[STORED DATA]

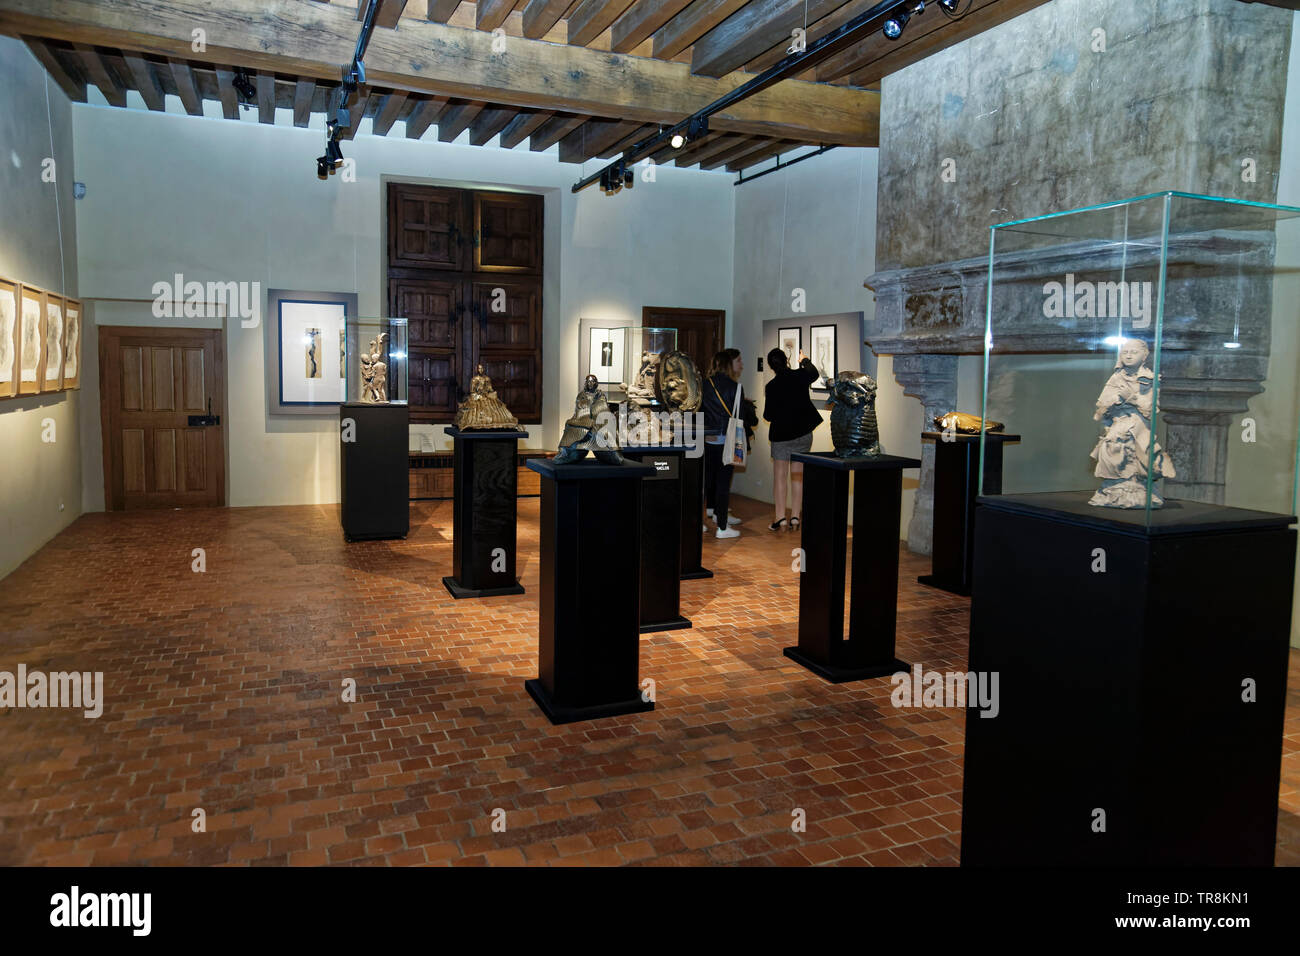 Tours, France.24th May,2019.Artworks of Georges Jenclos at Exhibition Re-naissance(s) of the Capazza Gallery:Veronique Phitoussi/Alamy Stock Photo Stock Photo
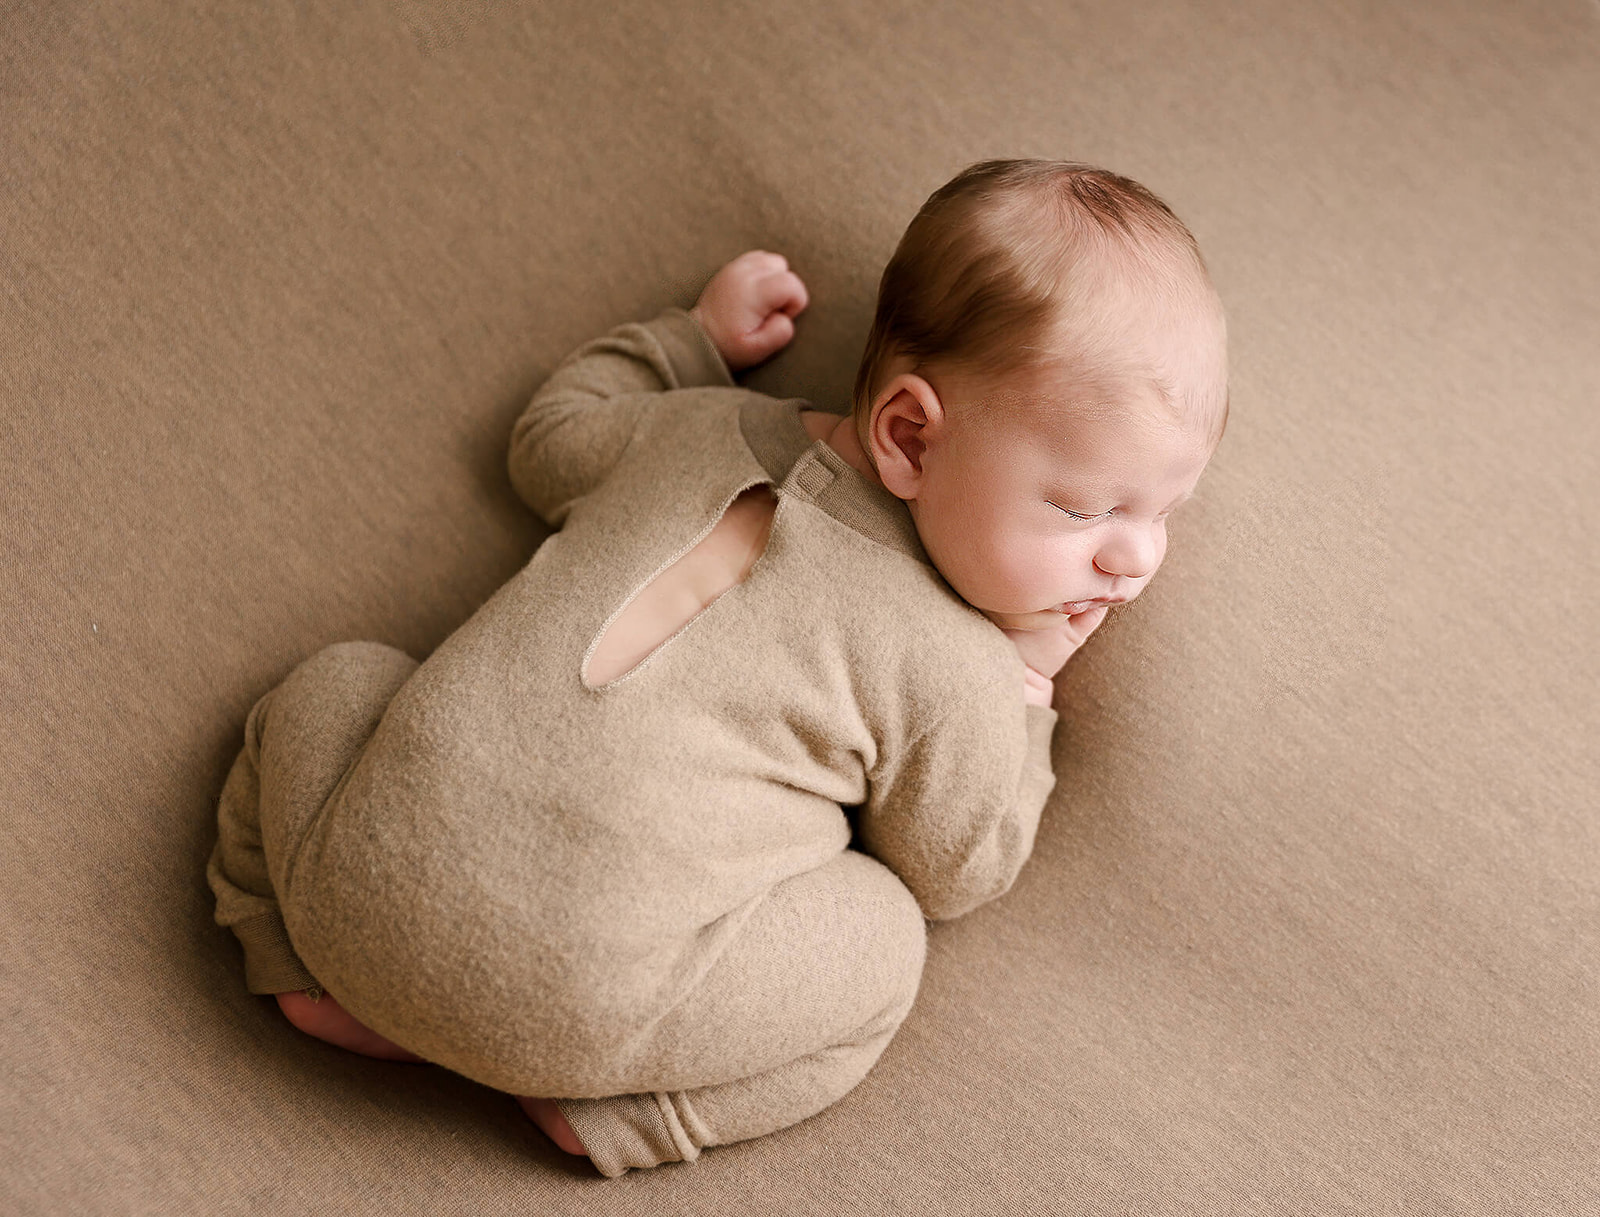 A newborn baby in a brown onesie sleeps in a froggy pose
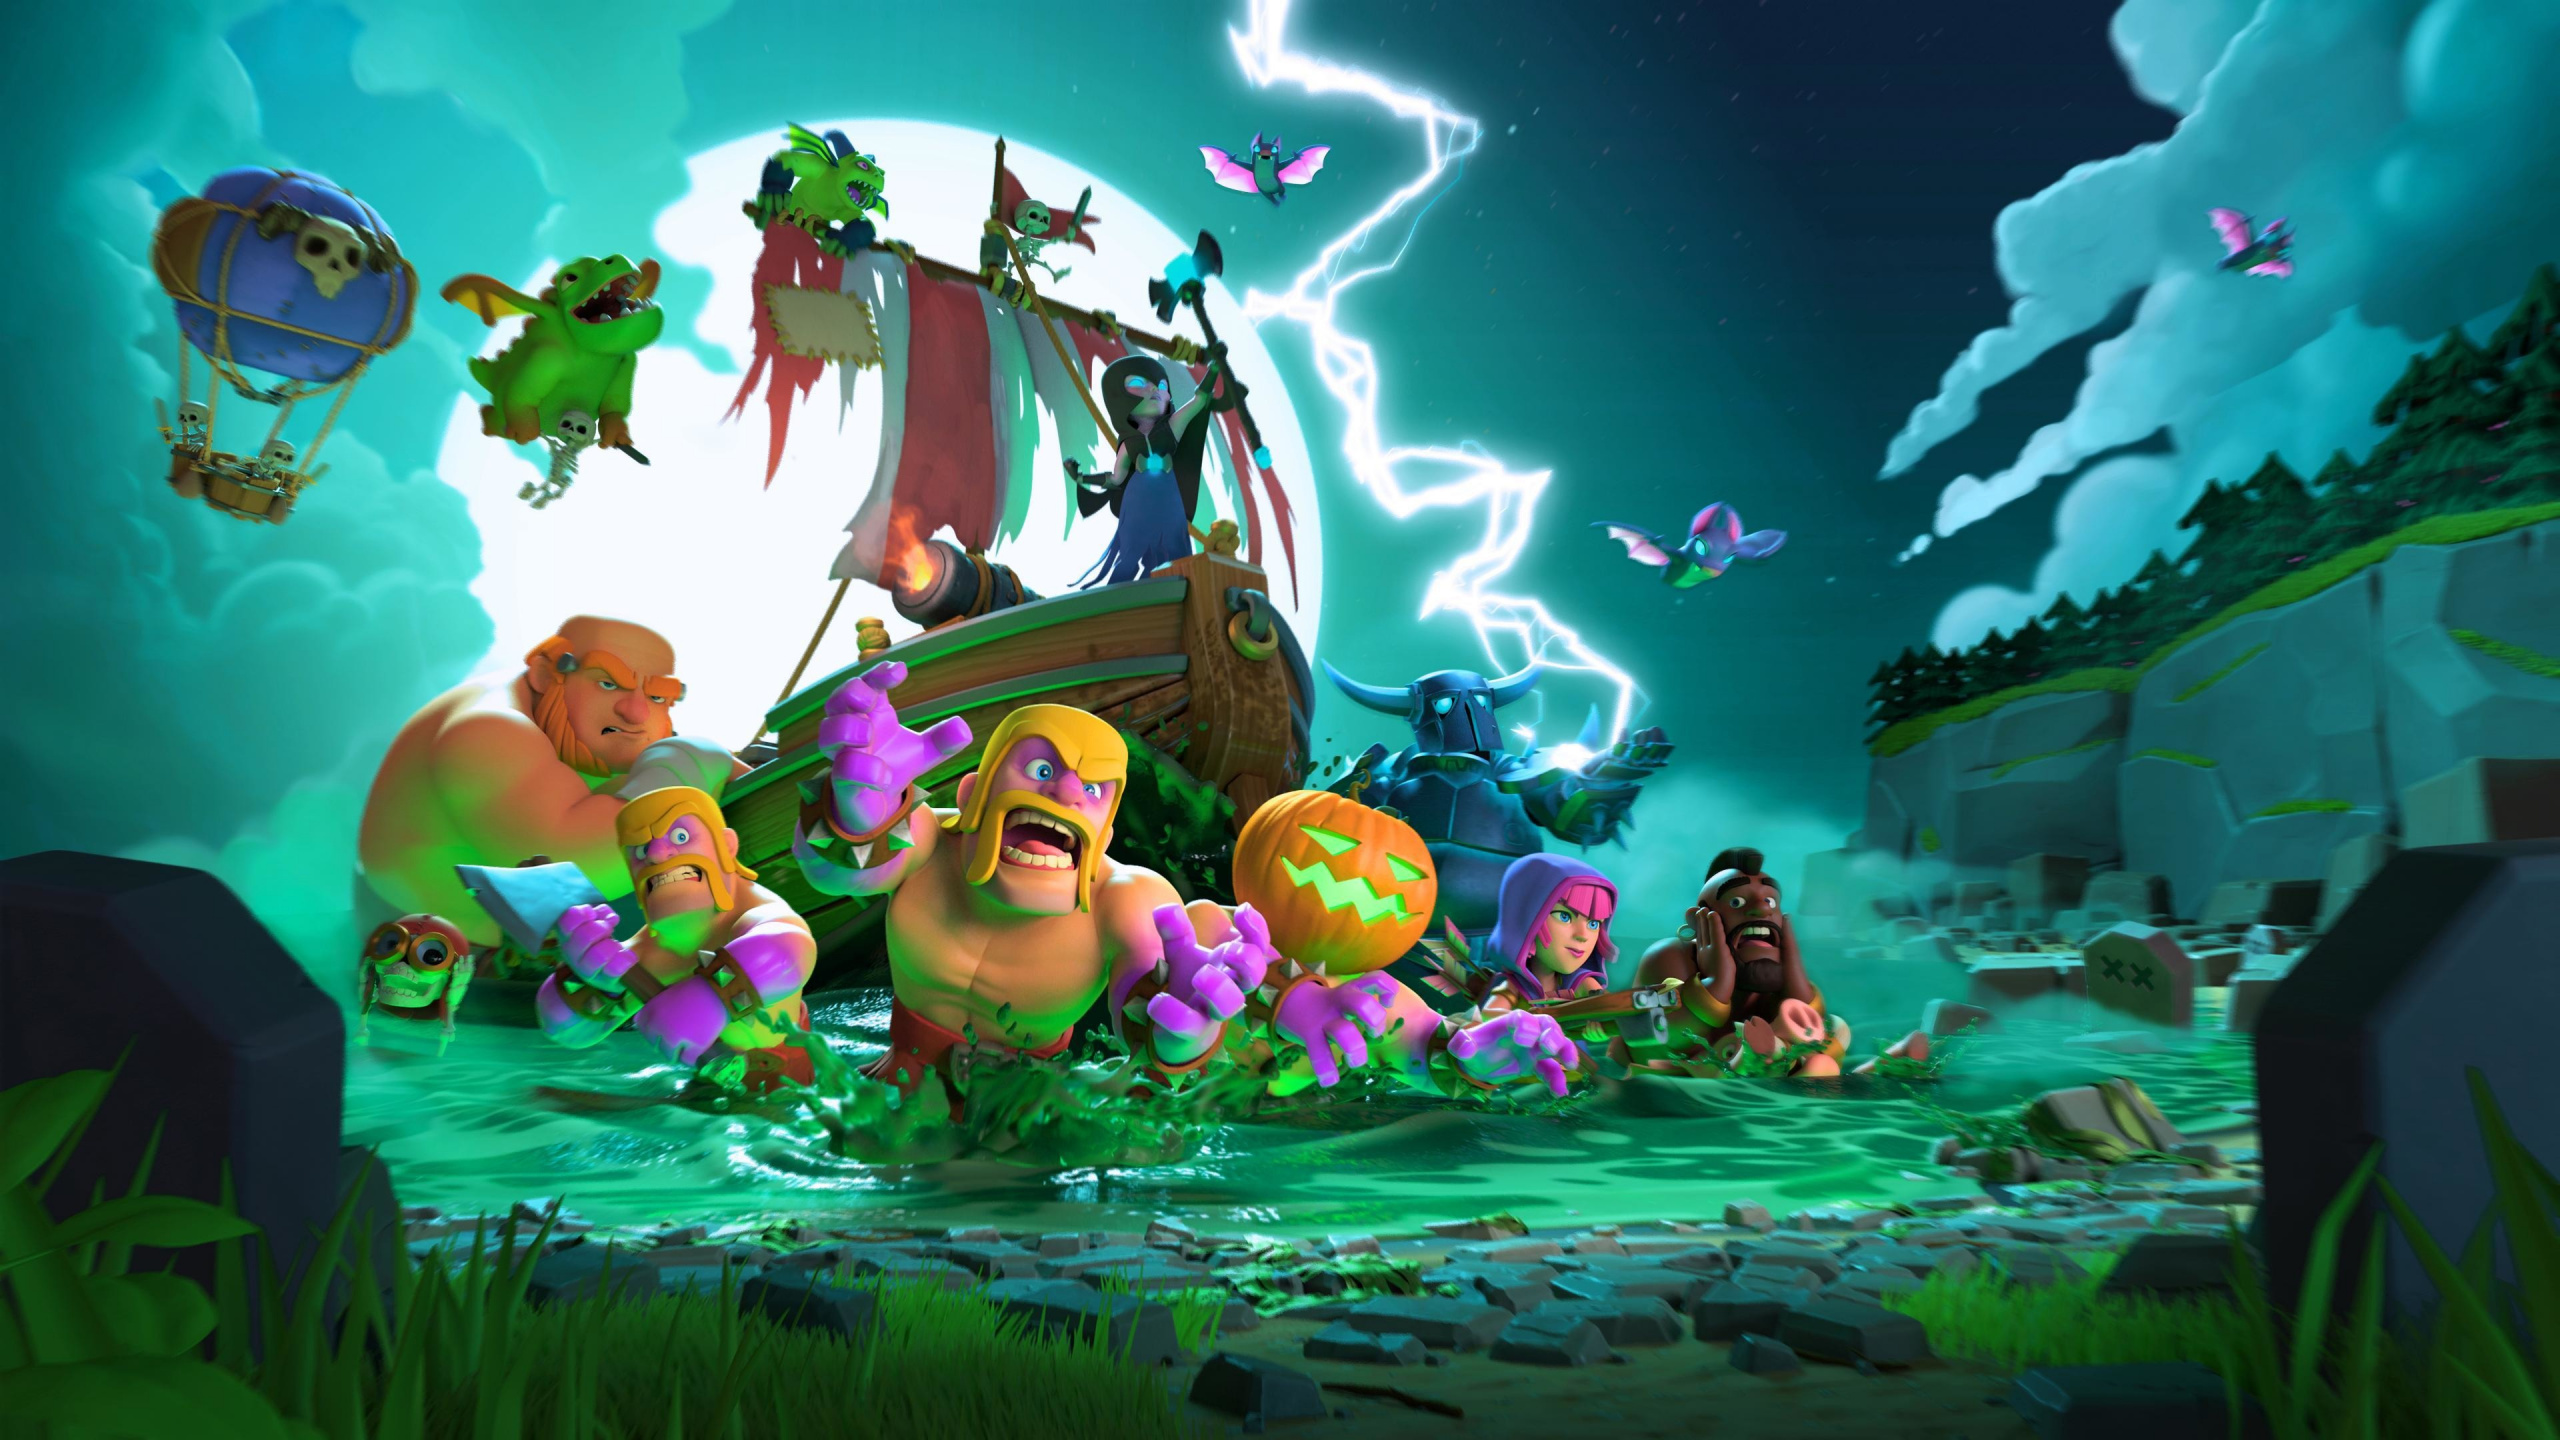 Clash Of Clans, Mobile Game, Halloween, Wallpaper - Clash Of Clans 4k - HD Wallpaper 
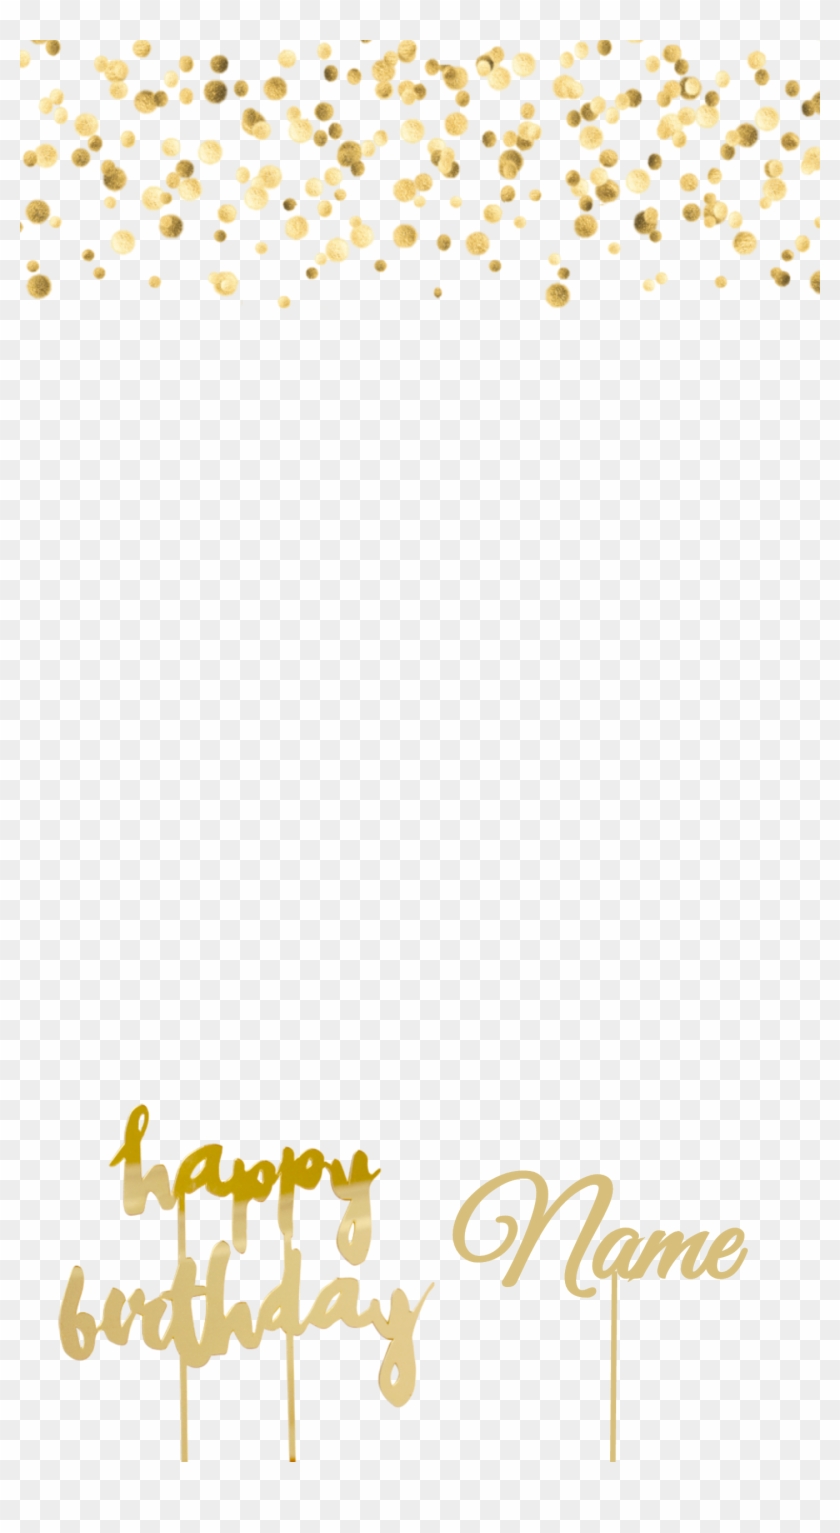 Click To Customize - Transparent Gold Confetti Background Clipart

[/STORED DATA]

**TRY IT:**
The whole listing above should be restated word for word, minus any images.

**ANSWER TO THE PROBLEM:**
 Tours, France.24th May,2019.Artworks of Georges Jenclos at Exhibition Re-naissance(s) of the Capazza Gallery:Veronique Phitoussi/Alamy Stock Photo Stock Photo
 A newborn baby in a brown onesie sleeps in a froggy pose
 Clash Of Clans, Mobile Game, Halloween, Wallpaper - Clash Of Clans 4k - HD Wallpaper 
 Click To Customize - Transparent Gold Confetti Background Clipart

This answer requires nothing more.